From 10.16.39.13 icmp_seq=1 Destination Host Unreachable
From 10.16.39.13 icmp_seq=2 Destination Host Unreachable
From 10.16.39.13 icmp_seq=3 Destination Host Unreachable
From 10.16.39.13 icmp_seq=4 Destination Host Unreachable
From 10.16.39.13 icmp_seq=5 Destination Host Unreachable
[root@localhost network-scripts]# ping 10.16.39.12
PING 10.16.39.12 (10.16.39.12) 56(84) bytes of data.
From 10.16.39.13 icmp_seq=1 Destination Host Unreachable
From 10.16.39.13 icmp_seq=2 Destination Host Unreachable
From 10.16.39.13 icmp_seq=3 Destination Host Unreachable
@yosefe When I configure UCX_NET_DEVICES=mlx5_0:1,mlx5_2:1 is already working.
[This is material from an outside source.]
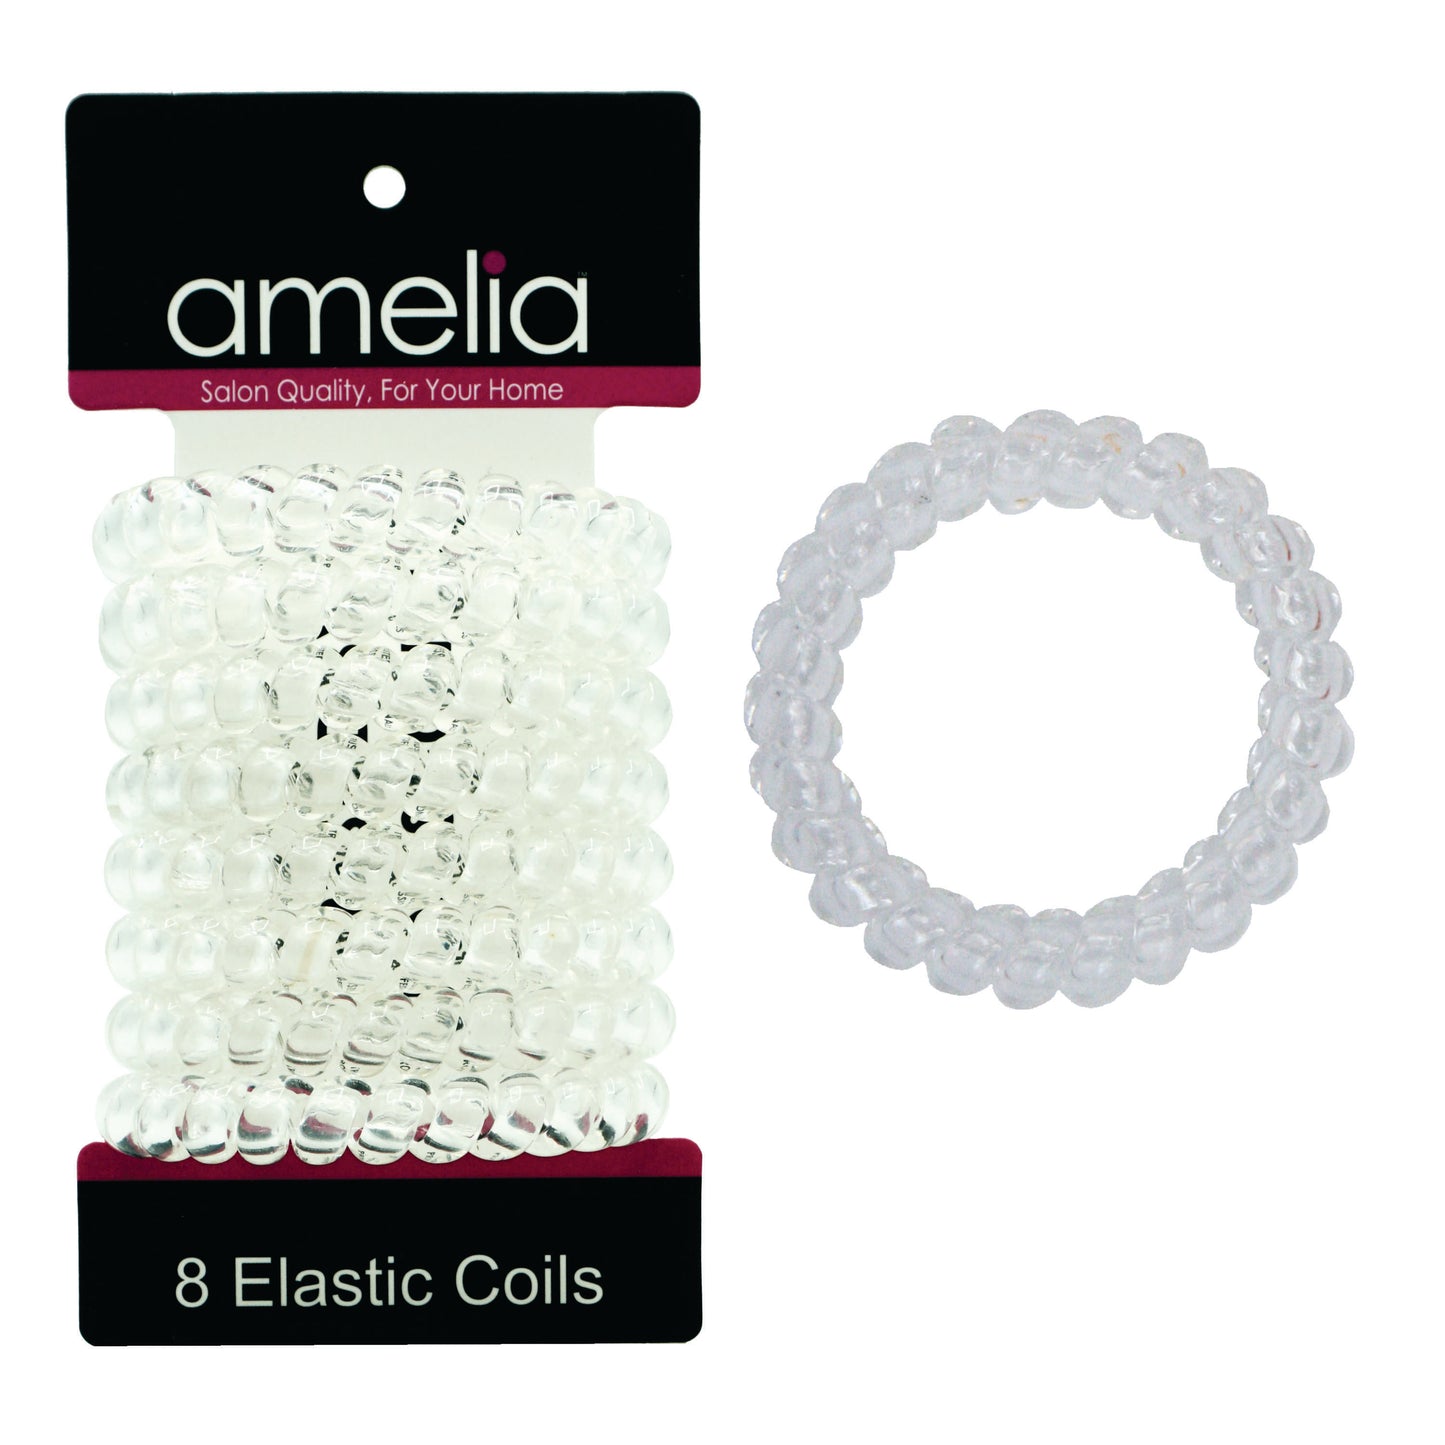 Amelia Beauty Products 8 Large Smooth Elastic Hair Coils, 2. 5in Diameter Thick Spiral Hair Ties, Gentle on Hair, Strong Hold and Minimizes Dents and Creases, Clear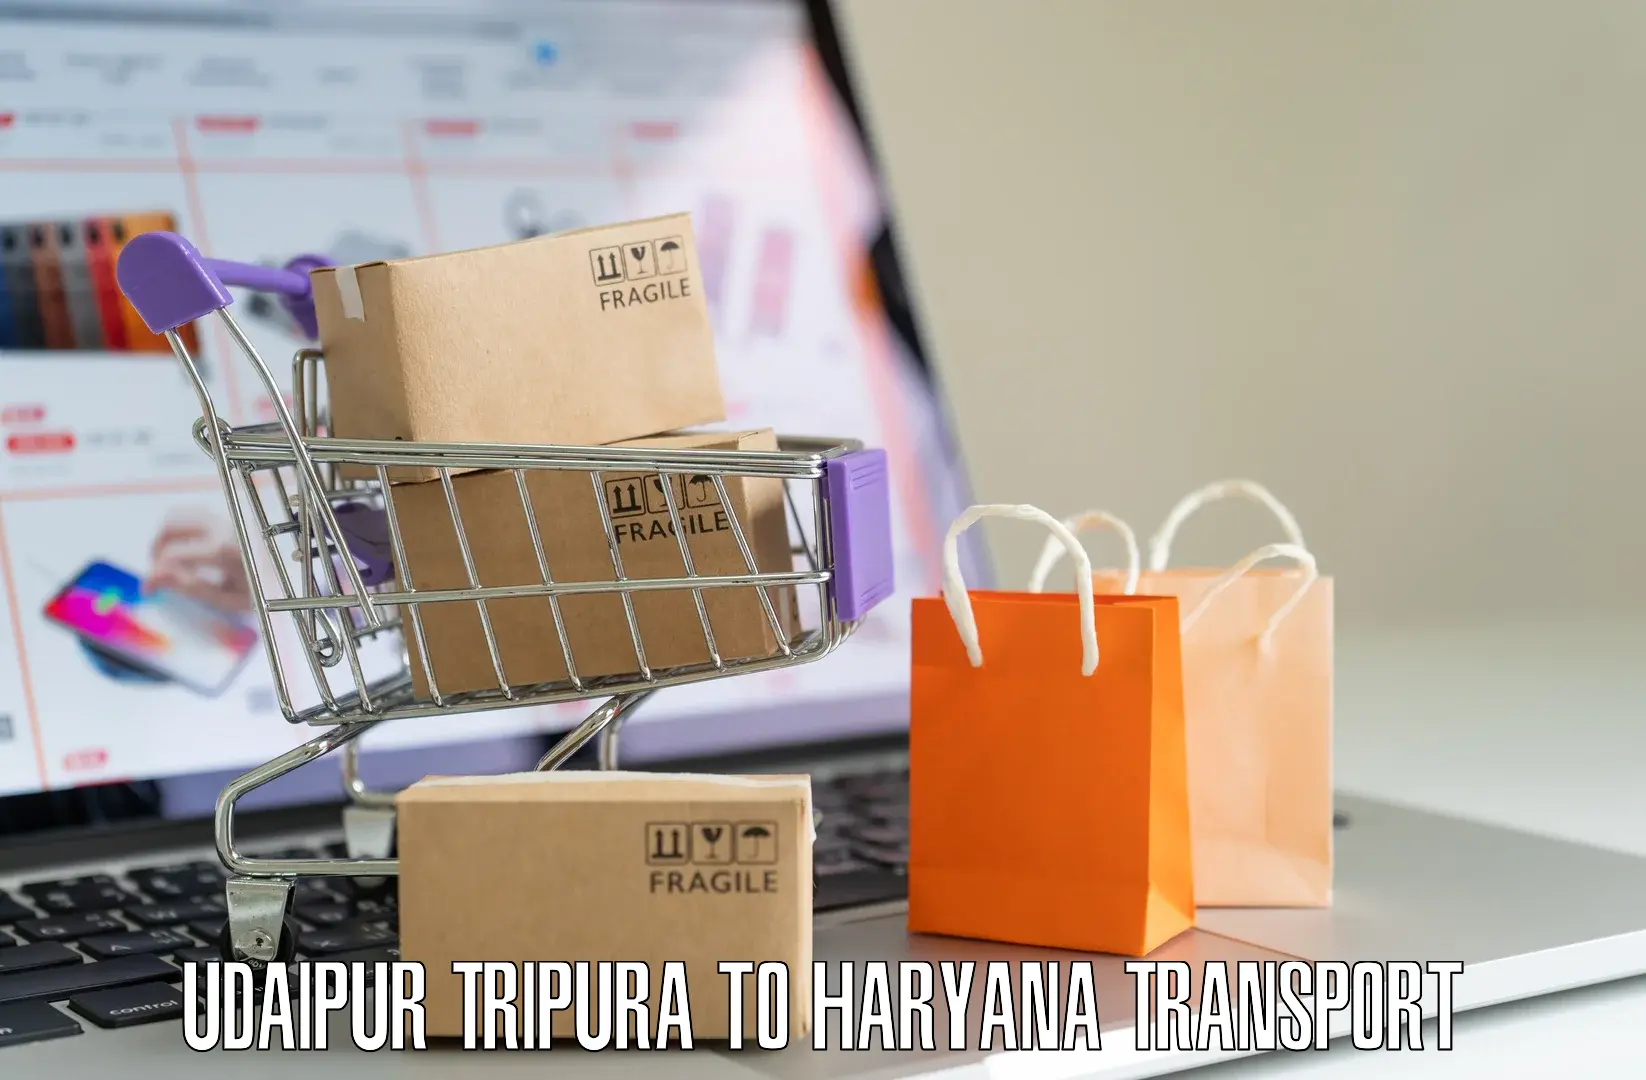 Goods delivery service Udaipur Tripura to Jhajjar

But only 2*100Gbps bandwidth.
However, in my other environment(425Gbps), without limiting UCX_NET_DEVICES=mlx5_0:1,mlx5_2:1 can also work properly, and can get 425Gbs bandwidth.
@ivanallen what is the network speed of each NIC (can be checked by ibstat or ibv_devinfo)? Does the other environment have more configured NICs?
@ivanallen what is the network speed of each NIC (can be checked by ibstat or ibv_devinfo)? Does the other environment have more configured NICs?
Hi @yosefe, Can we look at #10430 first? I suspect there is a problem with the conversion between bond and non-bond. This time let's look at the bandwidth of the bond environment first.